(What you will do) Given the entries below, would you transcribe exactly the lines starting at the one with "18k white gold" and ending at the one with "Screenshot showing adding", both kept, pictures omitted, nothing extra?

(Records for this exercise)
* * * * *

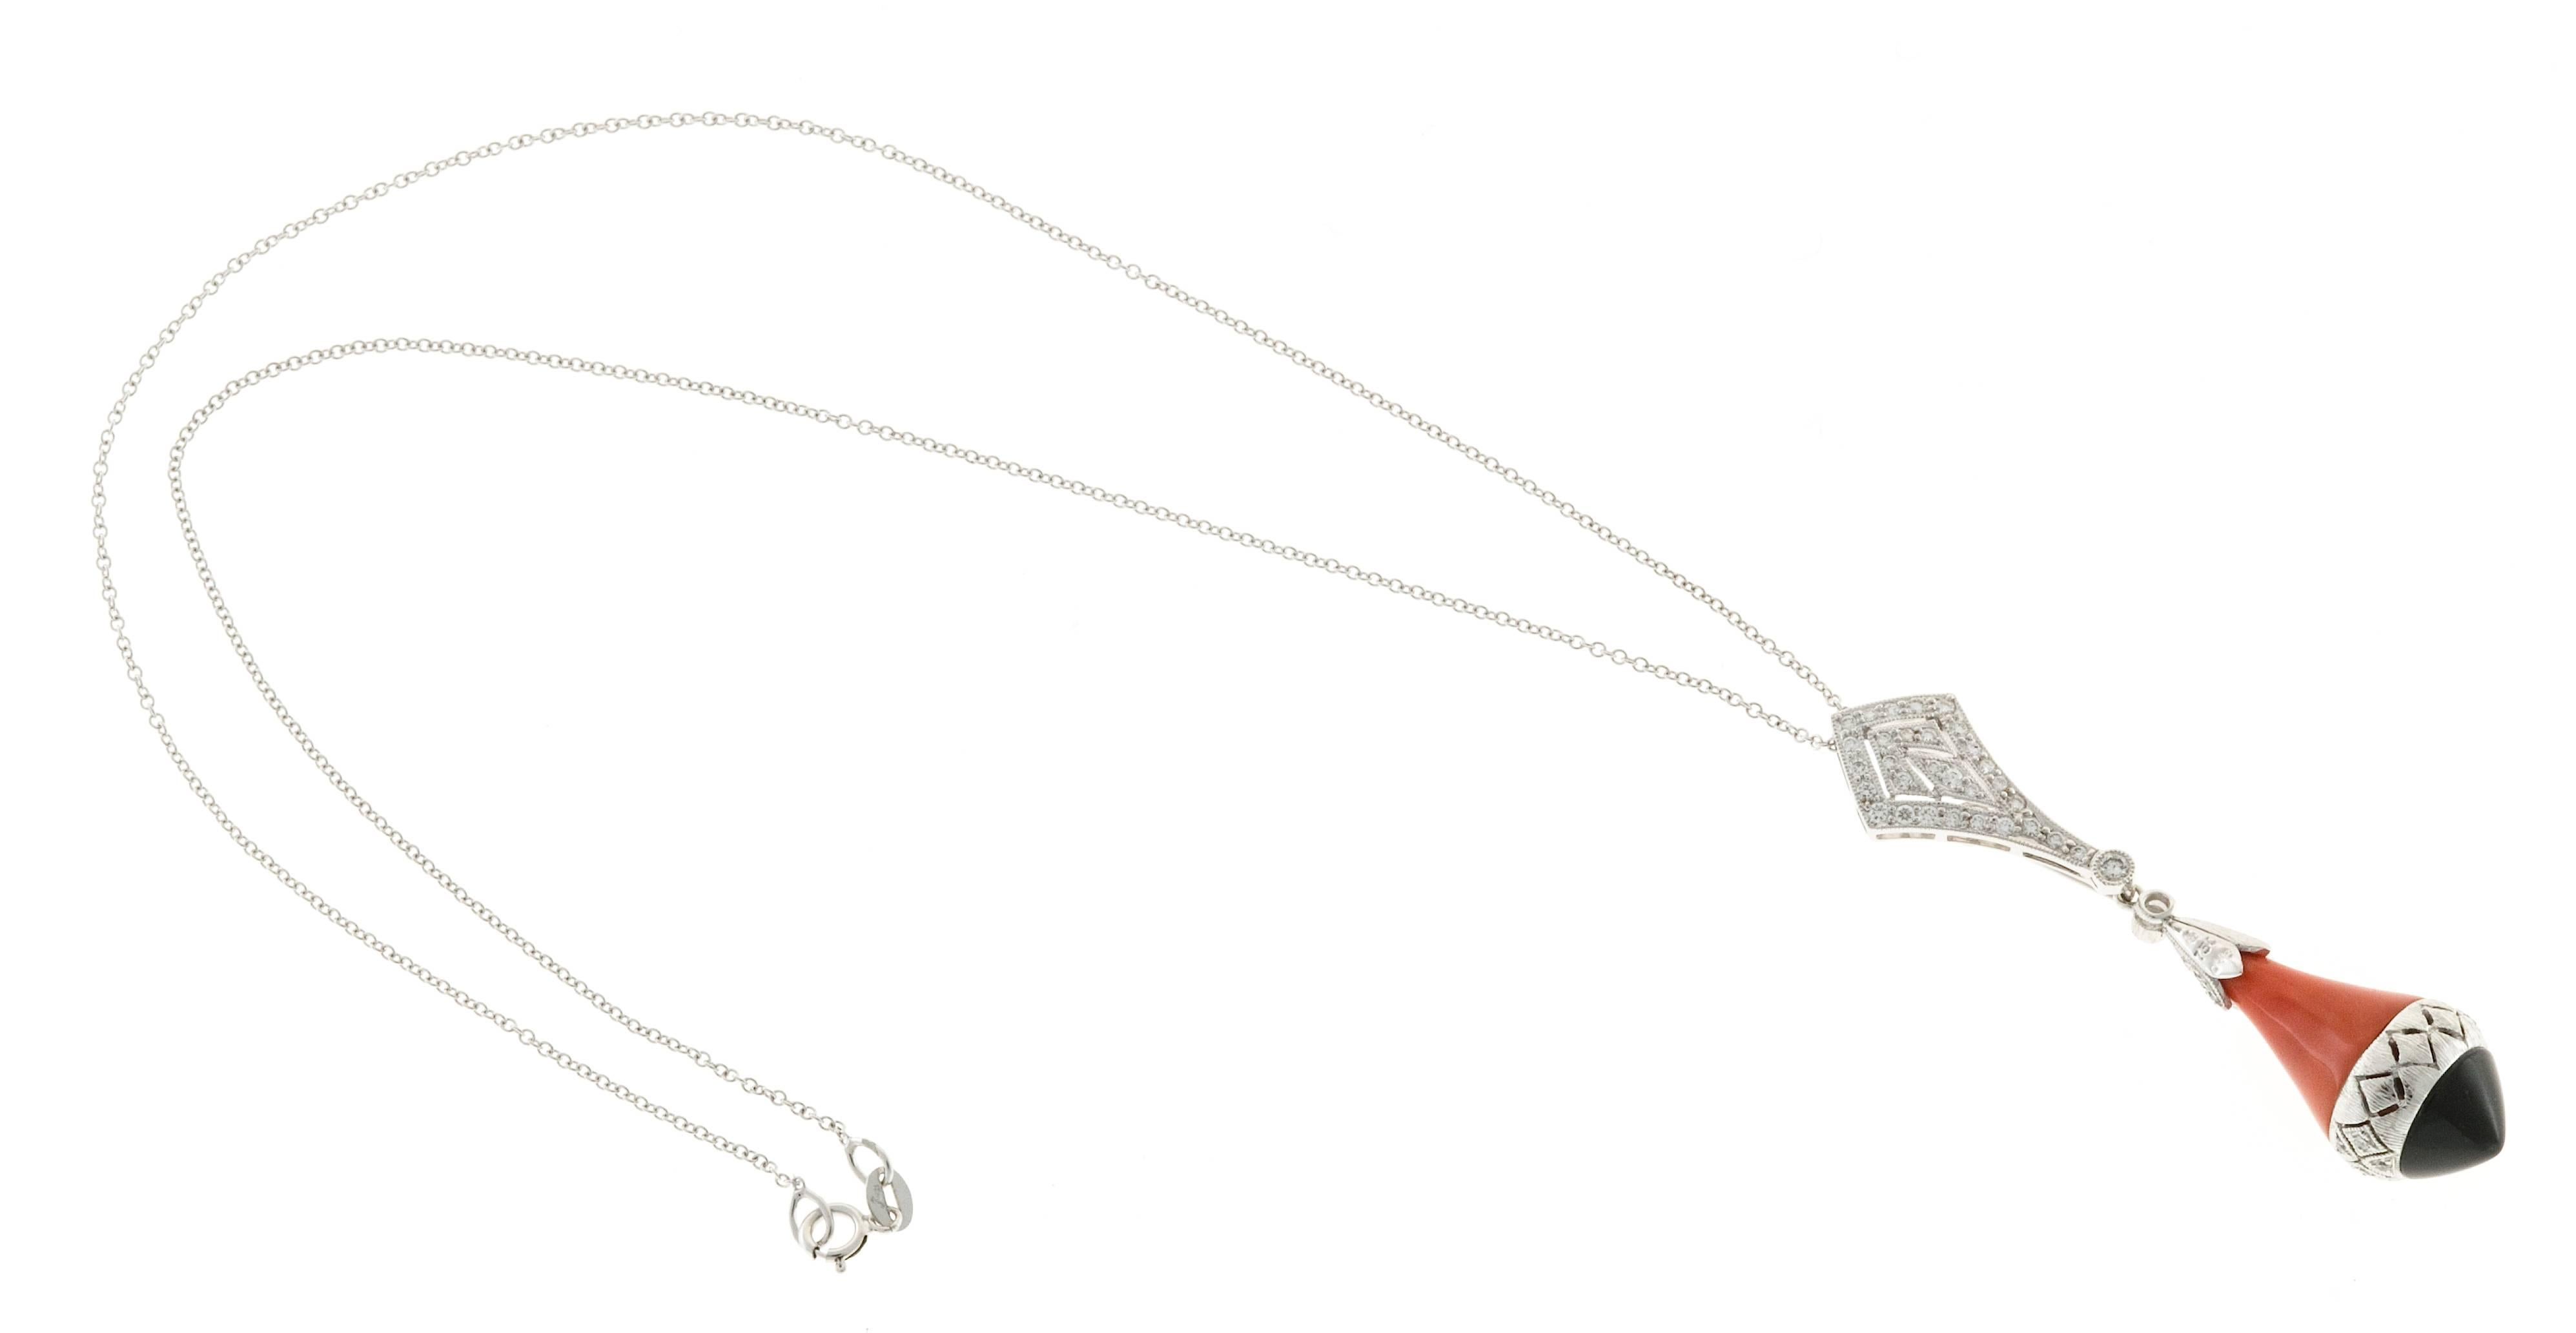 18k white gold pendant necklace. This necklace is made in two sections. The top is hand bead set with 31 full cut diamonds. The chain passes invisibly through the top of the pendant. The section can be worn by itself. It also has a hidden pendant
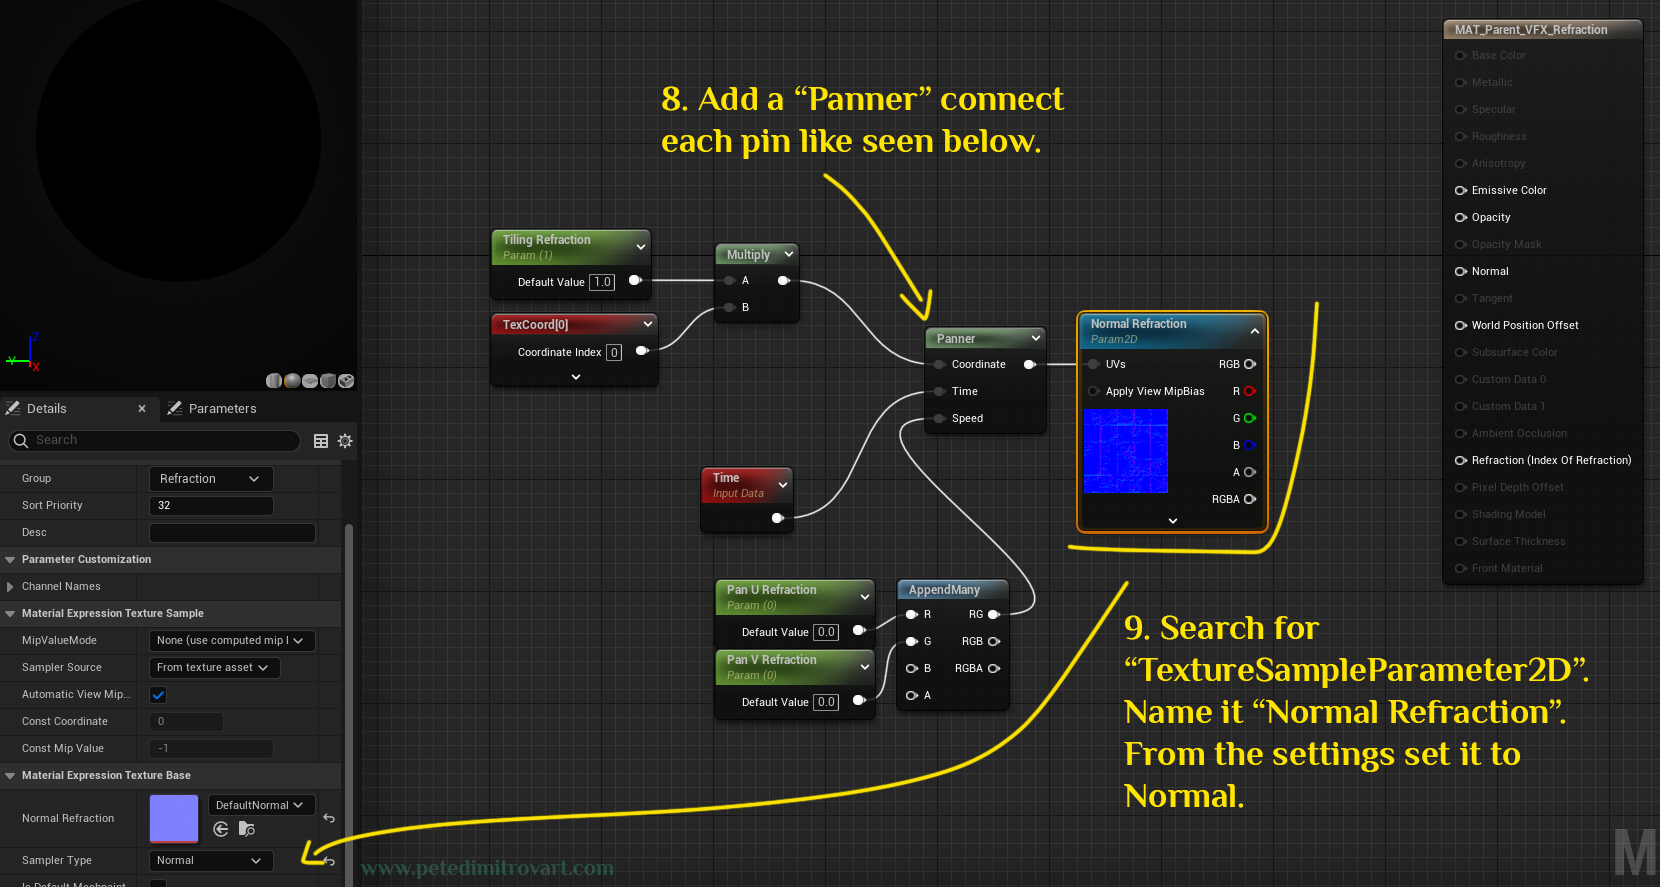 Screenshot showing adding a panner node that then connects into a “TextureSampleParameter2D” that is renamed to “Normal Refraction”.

* * * * *

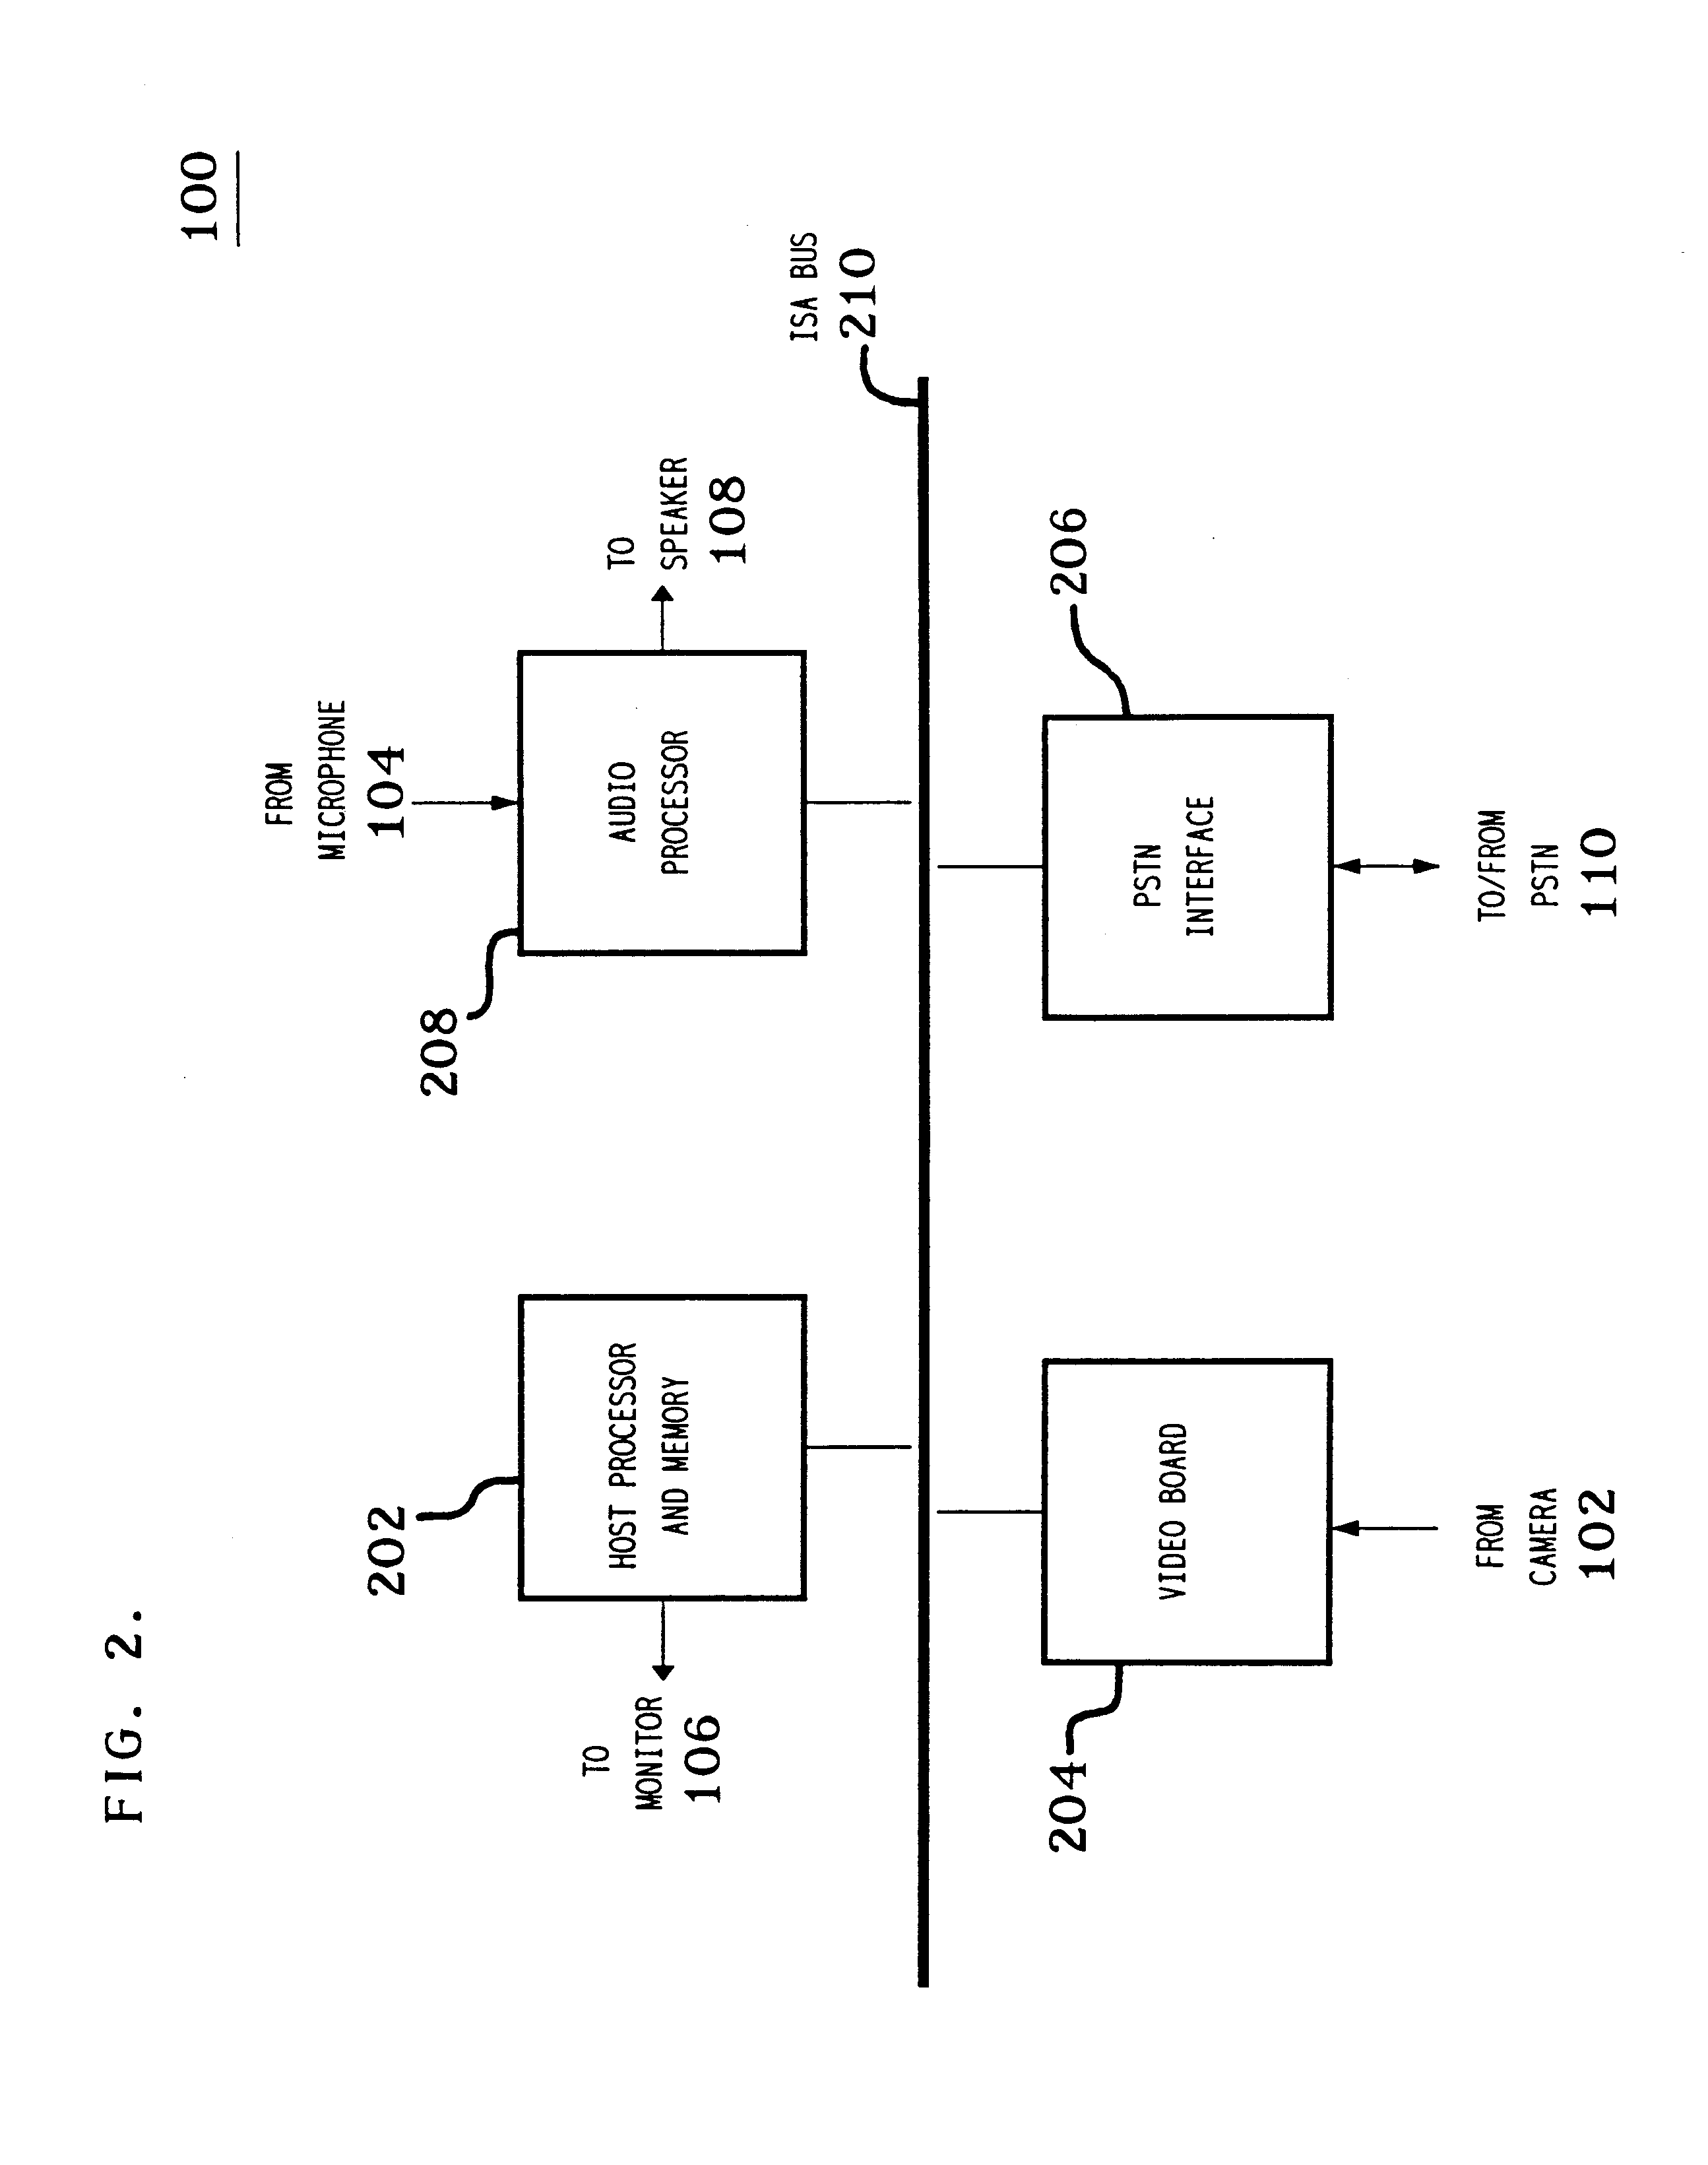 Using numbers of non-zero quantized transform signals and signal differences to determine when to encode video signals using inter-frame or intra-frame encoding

* * * * *

(Response below)
 18k white gold pendant necklace. This necklace is made in two sections. The top is hand bead set with 31 full cut diamonds. The chain passes invisibly through the top of the pendant. The section can be worn by itself. It also has a hidden pendant
 Screenshot showing adding a panner node that then connects into a “TextureSampleParameter2D” that is renamed to “Normal Refraction”.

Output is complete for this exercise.